PROBLEM DETAILS
Your job with the data below is to output exactly the lines from the one holding "beveiligingZorg ervoor dat u deze leest" down to the one holding "van de verschillen", both included, and no others.

SUPPLIED DATA: Begin

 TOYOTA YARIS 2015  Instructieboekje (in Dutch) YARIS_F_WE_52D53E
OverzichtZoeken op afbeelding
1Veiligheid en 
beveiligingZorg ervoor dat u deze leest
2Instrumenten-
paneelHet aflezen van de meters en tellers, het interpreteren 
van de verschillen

SUPPLIED DATA: End
SUPPLIED DATA: Begin

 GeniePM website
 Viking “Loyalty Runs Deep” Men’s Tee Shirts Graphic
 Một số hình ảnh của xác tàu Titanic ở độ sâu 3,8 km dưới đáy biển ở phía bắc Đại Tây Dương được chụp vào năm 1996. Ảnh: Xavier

SUPPLIED DATA: End

OUTPUT FOR THIS TASK
beveiligingZorg ervoor dat u deze leest
2Instrumenten-
paneelHet aflezen van de meters en tellers, het interpreteren 
van de verschillen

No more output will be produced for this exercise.